Unnamed: 0,?class,?label,?xref
0,<http://www.semanticweb.org/msh/ontologies/2023/1/IRD>,IRD_6_Congenital & Stationary Retinal Diseases,UMLS:C4073105
1,<http://www.semanticweb.org/msh/ontologies/2023/1/IRD>,IRD_6_Congenital & Stationary Retinal Diseases,SCTID:232061009
2,<http://www.semanticweb.org/msh/ontologies/2023/1/IRD#AICA-ribosiduria>,IRD_5_1_AICA-ribosiduria,UMLS:C1837530
3,<http://www.semanticweb.org/msh/ontologies/2023/1/IRD#AICA-ribosiduria>,IRD_5_1_AICA-ribosiduria,ICD11:5C55.0Y
4,<http://www.semanticweb.org/msh/ontologies/2023/1/IRD#AICA-ribosiduria>,IRD_5_1_AICA-ribosiduria,Orphanet:250977


In [5]:
df_ont.nunique()

?class    163
?label    163
?xref     494
dtype: int64

---
## Map terms

Find terms in IRD that map to Mondo term(s) based on shared xrefs between the two terms.

In [6]:
# Rename columns
df_mondo_clean = df_mondo.rename(columns={
    '?mondo_curie': 'mondo_curie',
    '?label': 'mondo_label',
    '?xref': 'xref'
})

df_ont_clean = df_ont.rename(columns={
    df_ont.columns[0]: 'ird_term',
    df_ont.columns[1]: 'ird_label',
    df_ont.columns[2]: 'xref'
})

# Flatten Mondo dataframe - Group and collect all xrefs for each MONDO term so there is one Mondo term and a list of xrefs
mondo_xrefs = df_mondo_clean.groupby(['mondo_curie', 'mondo_label'])['xref'].apply(lambda x: sorted(set(x))).reset_index()
mondo_xrefs = mondo_xrefs.rename(columns={'xref': 'mondo_all_xrefs'})


# Flatten IRD dataframe - Group and collect all xrefs for each IRD term so there is one IRD term and a list of xrefs
ird_xrefs = df_ont_clean.groupby(['ird_term', 'ird_label'])['xref'].apply(lambda x: sorted(set(x))).reset_index()
ird_xrefs = ird_xrefs.rename(columns={'xref': 'ird_all_xrefs'})

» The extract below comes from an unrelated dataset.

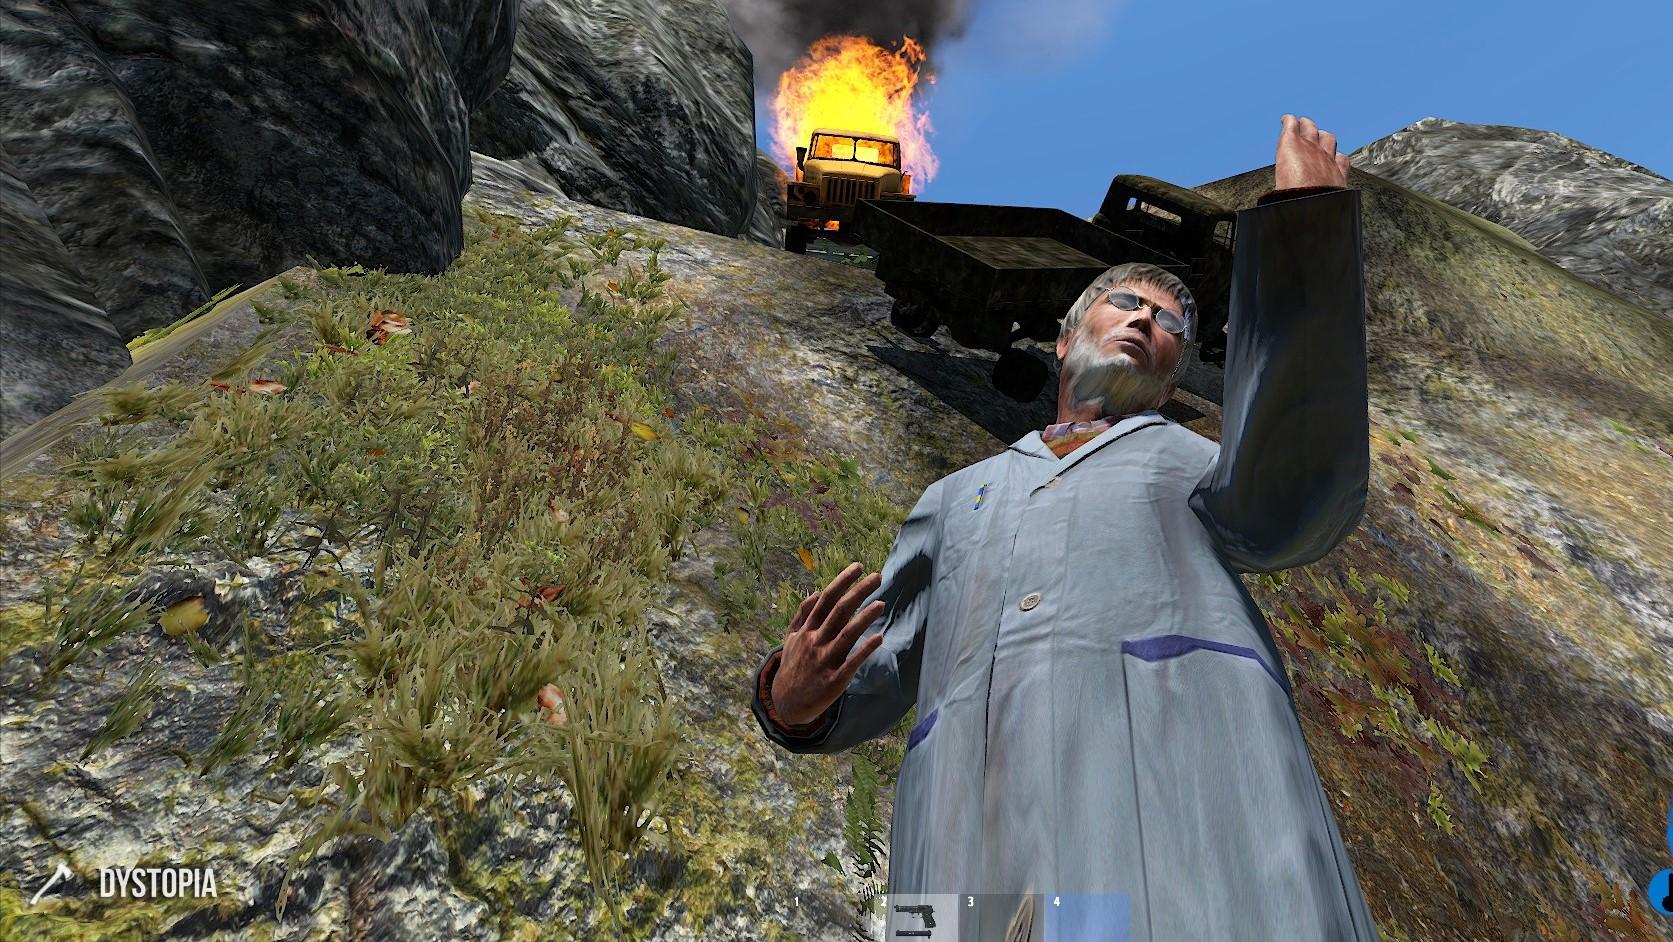 Burning Van

# Explode the IRD xrefs for matching
ird_exploded = df_ont_clean.copy()


# Join IRD xrefs with MONDO on xref
matched = pd.merge(ird_exploded, df_mondo_clean, on='xref', how='left')


# Group matched xrefs
matched_grouped = matched.groupby(['ird_term', 'ird_label', 'mondo_curie', 'mondo_label'])['xref'].apply(
    lambda x: sorted(set(x.dropna()))
).reset_index()
matched_grouped = matched_grouped.rename(columns={'xref': 'matching_xrefs'})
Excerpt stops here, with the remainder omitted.